Collected material:

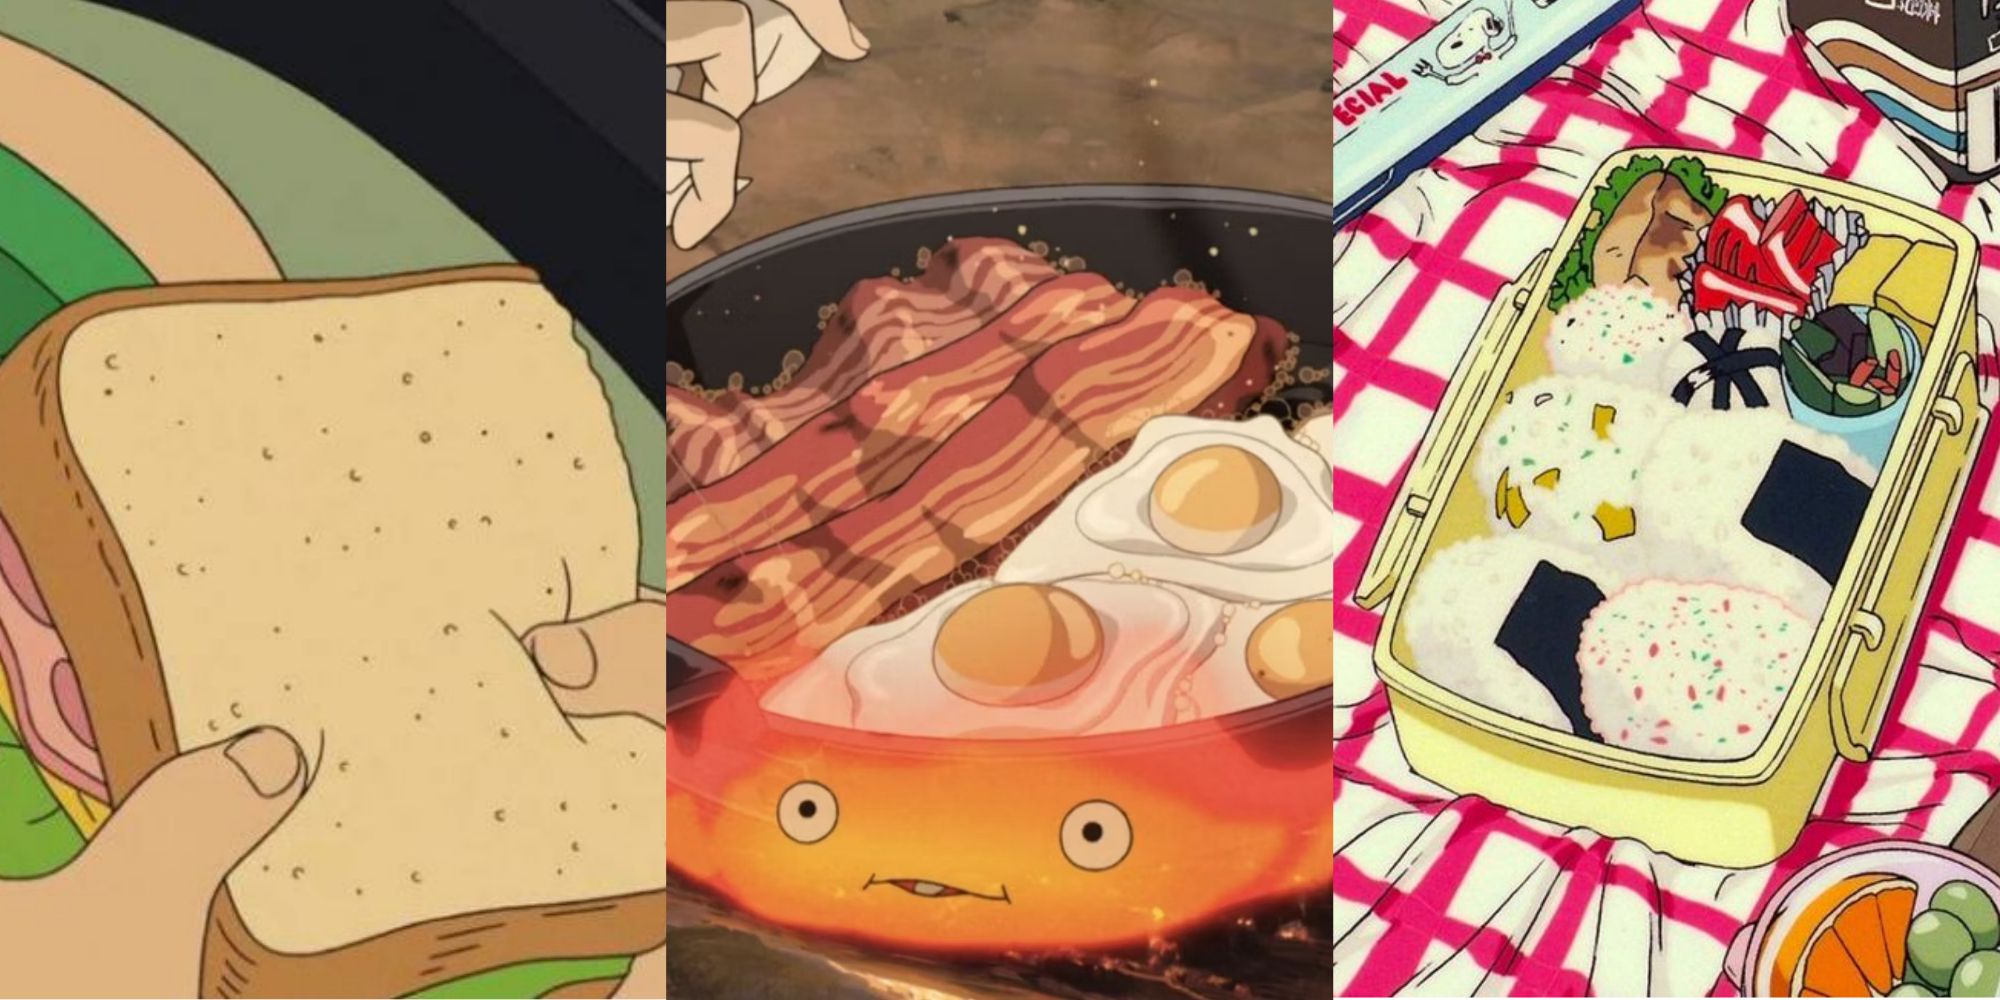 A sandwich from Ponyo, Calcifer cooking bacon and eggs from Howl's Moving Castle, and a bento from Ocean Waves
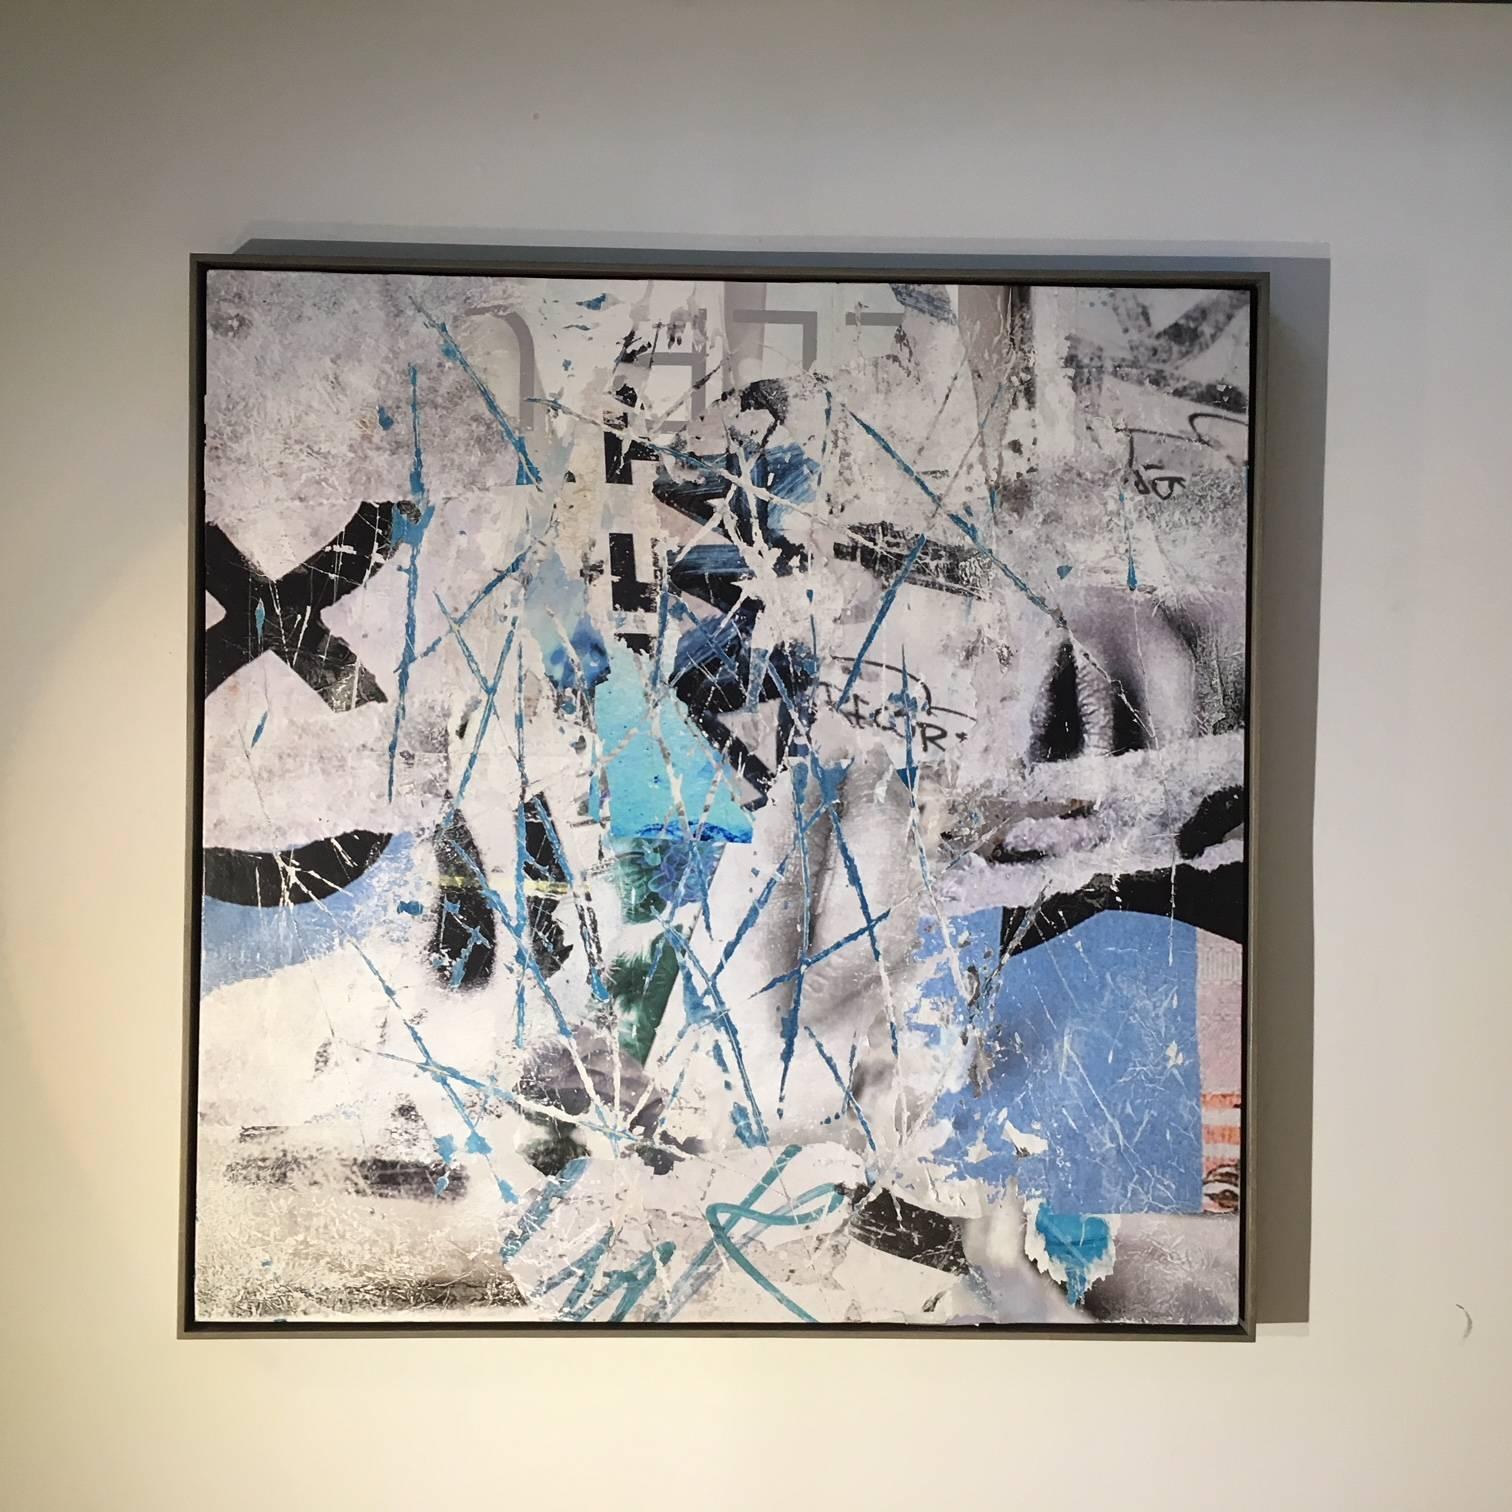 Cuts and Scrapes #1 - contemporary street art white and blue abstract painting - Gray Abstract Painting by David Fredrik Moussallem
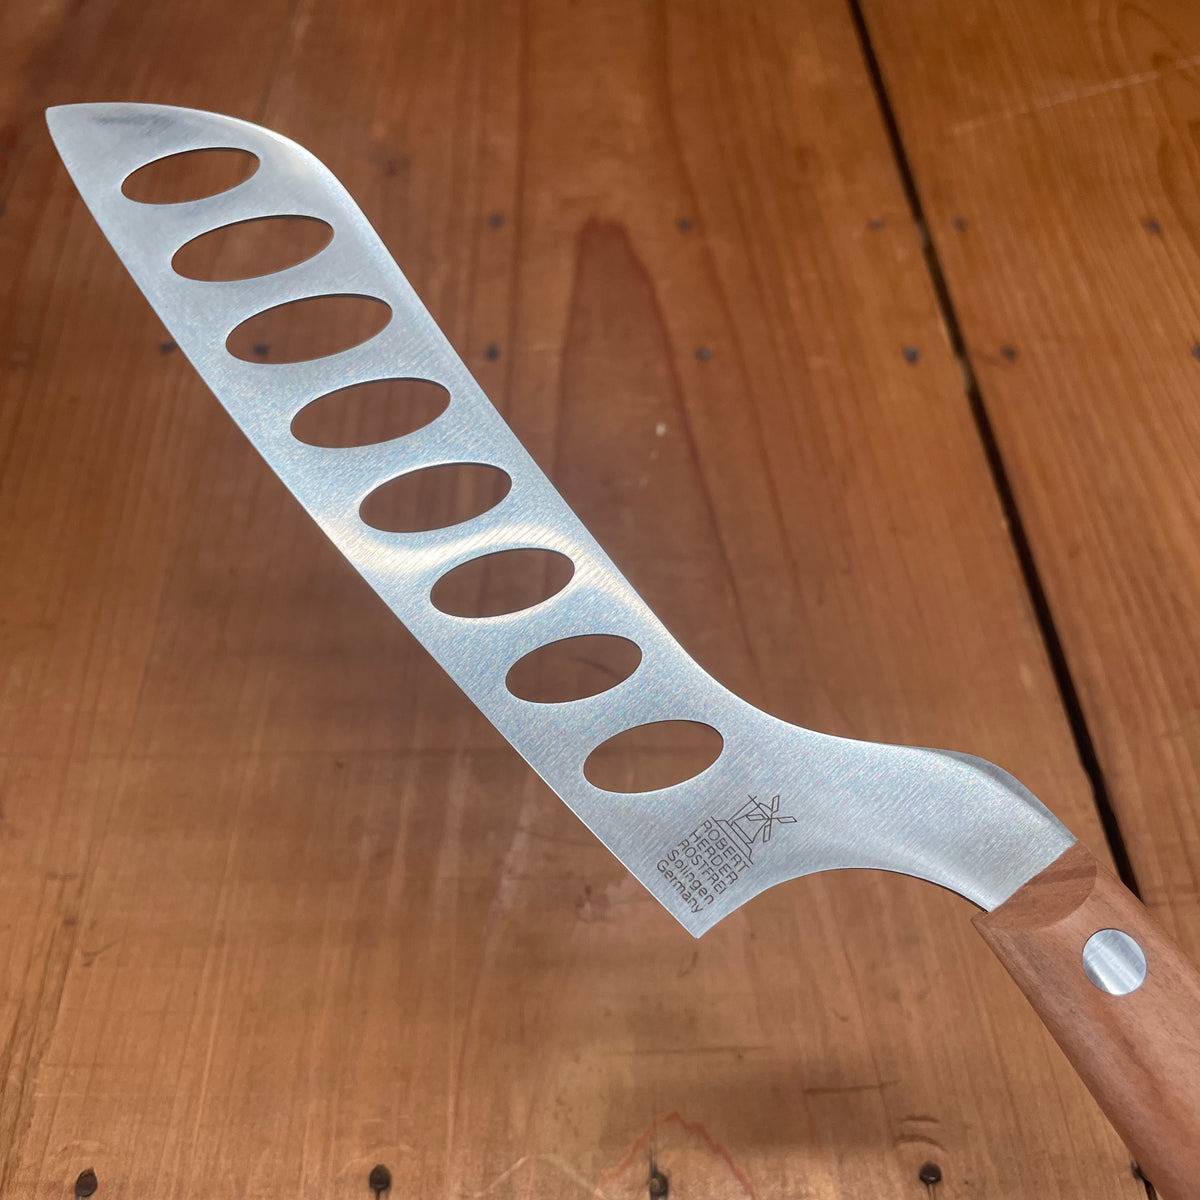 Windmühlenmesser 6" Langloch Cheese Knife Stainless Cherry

What the task requires:
Transcribe, please, the lines from the one holding "Cuts and Scrapes" to the final line of the material, both included, exactly and with no extra lines, and skip the pictures.

Solution to this problem:
 Cuts and Scrapes #1 - contemporary street art white and blue abstract painting - Gray Abstract Painting by David Fredrik Moussallem
 Windmühlenmesser 6" Langloch Cheese Knife Stainless Cherry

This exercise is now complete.